Спальня королевы занимает особое место в анналах Версаля. Мы забываем ее первую обитательницу, кроткую, многострадальную Марию Терезию, о которой Людовик XIV, услышав о ее смерти, воскликнул: «Это первая печаль, которую она мне причинила!»; мы забываем более многострадальную жену Людовика XV, благотворительницу Марию Лещинскую, прозванную в народе «доброй королевой»; мы упускаем из виду все августейшие фигуры, которые проходят перед нами в ретроспективе этой королевской опочивальни, и видим только Марию-Антуанетту, гордую государыню, героическую мать и преданную жену, которая сделала ее своей. Мы видим ее, пробужденную ото сна криками толпы, угрожавшей дворцу посреди ночи, и бегущую едва одетой из спальни королевы, чтобы укрыться в покоях дофина, в то время как верные гвардейцы ценой своих жизней защищают вход в ее собственные покои от обезумевшей толпы, которая ворвалась внутрь подобно разрушительному потоку и уже стоит на пороге. Стены, кажется, до сих пор вторят крику тех двух храбрых гвардейцев, когда они пали: «Спасайте королеву! Спасайте королеву!». Великую трагедию, которой суждено было изменить всю судьбу Франции, можно сказать, началась в эту страшную ночь 6 октября.

Спальня короля, с другой стороны, заполнена Людовиком XIV до исключения всех прочих воспоминаний. Здесь разыгрывалась та торжественная комедия, в которой воины и государственные деятели того времени принимали участие столь серьезно: утренний и вечерний туалет короля. Когда мы читаем подробные детали, приведенные в хрониках того времени о церемониале, который совершали его придворные каждый раз, когда король ложился в постель или вставал с нее, требуется серьезное испытание нашей доверчивости, чтобы поверить, что действующие лица, столь серьезно разыгрывавшие этот фарс, были не дураками или ухмыляющимися идиотами, а здравомыслящими и трезвыми людьми, чья родословная по своей голубокровной древности уступала только родословной самого Цезаря, людьми таланта, людьми гения, героями, которые сражались в битвах своей страны и не считали унижением прийти с поля славы и бороться за честь подать королю его чулки или панталоны. Эта гордая знать, которую Ришелье не мог победить мечом или покорить пытками и тюремным заключением, лежала у ног Людовика, и едва ли будет преувеличением сказать, лизала их. Они, по-видимому, смотрели на него не как на смертного, подобного им самим, как бы высоко он ни стоял над ними по рангу и власти, а как на бога, существо, совершенно отличное от них по виду. Возникает искушение поверить, что и они, и он сами временами должны были быть одержимы неким смутным представлением, что так оно и есть; нет другого способа объяснить рабское поклонение, которое они воздавали как долг и которое он принимал как должное. Поистине, знаменитое «Государство — это я!» звучит скорее как слова бога, чем человека; и другое высказывание Людовика: «Господа, я чуть было не заставил вас ждать!», адресованное самой гордой знати Европы, которая едва успела занять свои места, когда фанфары возвестили о входе короля, выглядит едва ли менее гротескным в своей сверхчеловеческой гордыне.
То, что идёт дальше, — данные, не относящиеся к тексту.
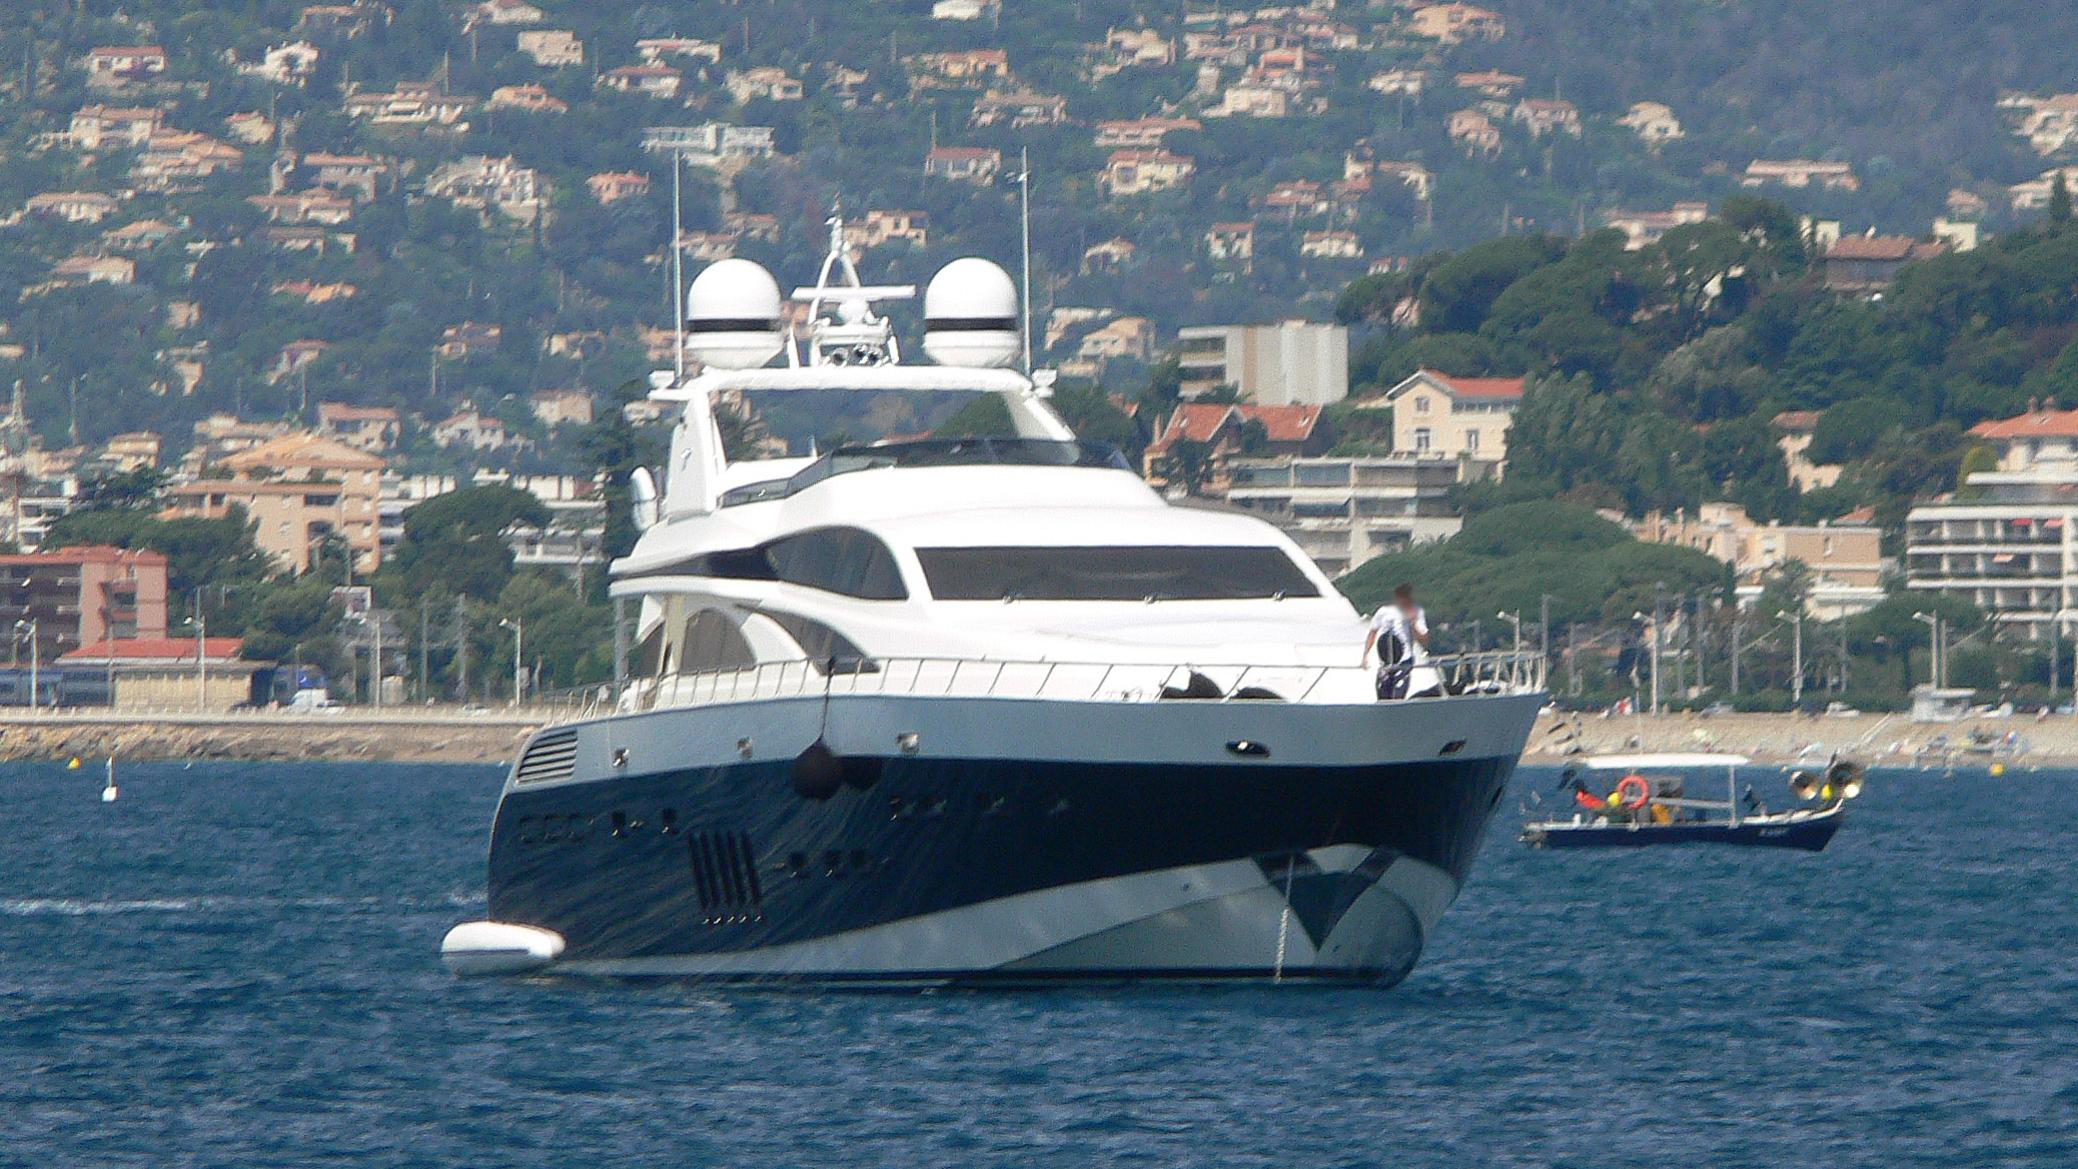 lis-motor-yacht-leopard-32-sport-2007-32m-bow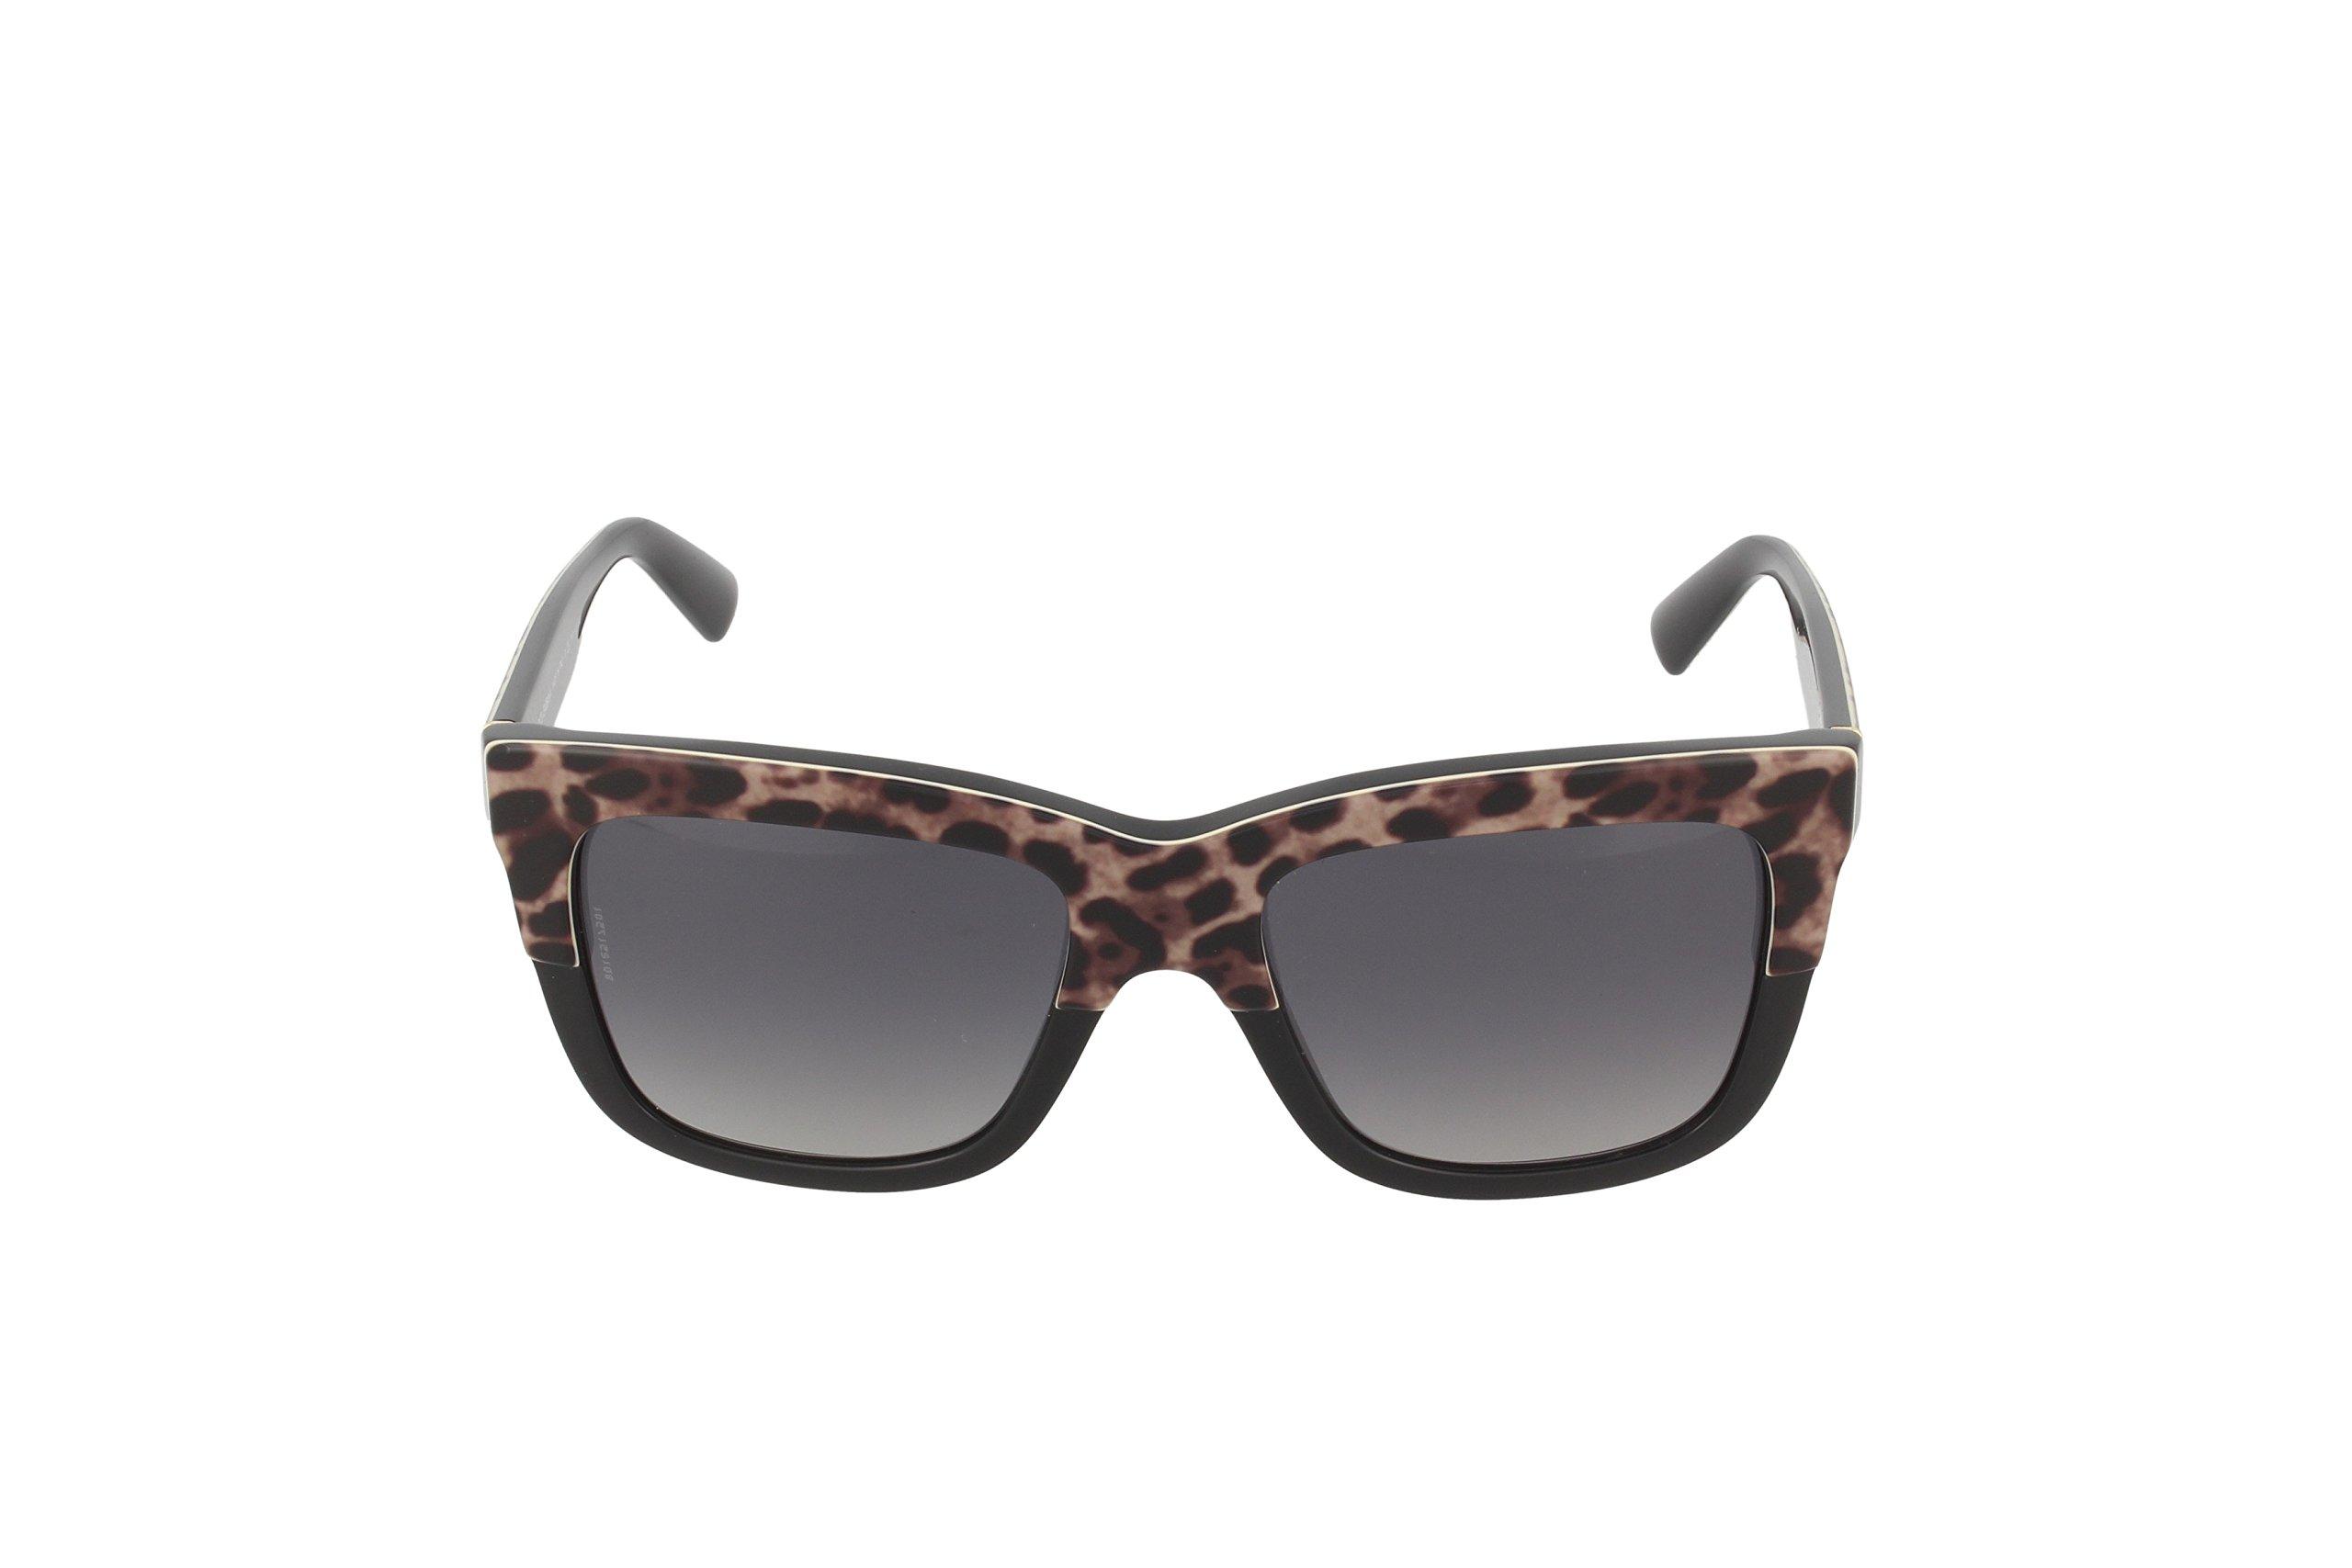 D&G Dolce & Gabbana Womens 0DG4262 Polarized Square Sunglasses, Top Leo On Black, 54 mm by Dolce & Gabbana (Image #2)

Этот большой и малый туалет, окруженный таким престижем при дворе Франции, несколько высмеивался современными монархами, ради чести человечества стоит сказать; их восхищение Людовиком не доходило до того, чтобы рассматривать августейший церемониал иначе как скуку или шутку. Когда Фридрих Великий услышал от своего посла рассказ о первом большом утреннем приеме, на котором он присутствовал в Версале, он разразился неудержимым смехом и воскликнул: «Что ж, если бы я был королем Франции, я бы непременно нанял какого-нибудь мелкого короля, чтобы он проделал все это за меня!»

Учитывая, как рьяно придворные боролись за честь одевать особу короля, можно было бы подумать, что привилегия застилать его постель будет цениться не менее высоко и считаться второй только после чести держать сапоги его величества; но такова непоследовательность человеческих существ, что этого не произошло. Придворные, вероятно, чувствовали, что где-то нужно провести черту, поэтому они провели ее здесь; они не хотели выполнять эту черную работу для «Короля-Солнца», и честь взбивать его матрасы и расправлять одеяло перешла к слугам более низкого ранга. Среди этой низшей касты был один по имени Мольер, юноша, над которым товарищи смеялись и относились как к какому-то сумасшедшему, который всегда витает в облаках. Однажды, когда настала его очередь расстилать королевские простыни, поэт Беллок услышал, как они подшучивают над ним и отказываются помогать ему в работе. Он подошел к Мольеру и сказал: «Месье де Мольер, окажете ли вы мне честь позволить помочь вам застелить постель короля?», и Мольер принял просьбу. Инцидент дошел до ушей короля и привел к тому, что он заметил эксцентричного слугу. Чуть позже мы видим его стоящим за стулом слуги в той же комнате, где иногда подавали обед его величеству, и прислуживающим ему, в то время как придворные, отказавшиеся сидеть за одним столом с Мольером, стояли вокруг, глядя в «немом изумлении на странное зрелище», как говорит нам Сен-Симон, который наивно признается, что разделял их изумление.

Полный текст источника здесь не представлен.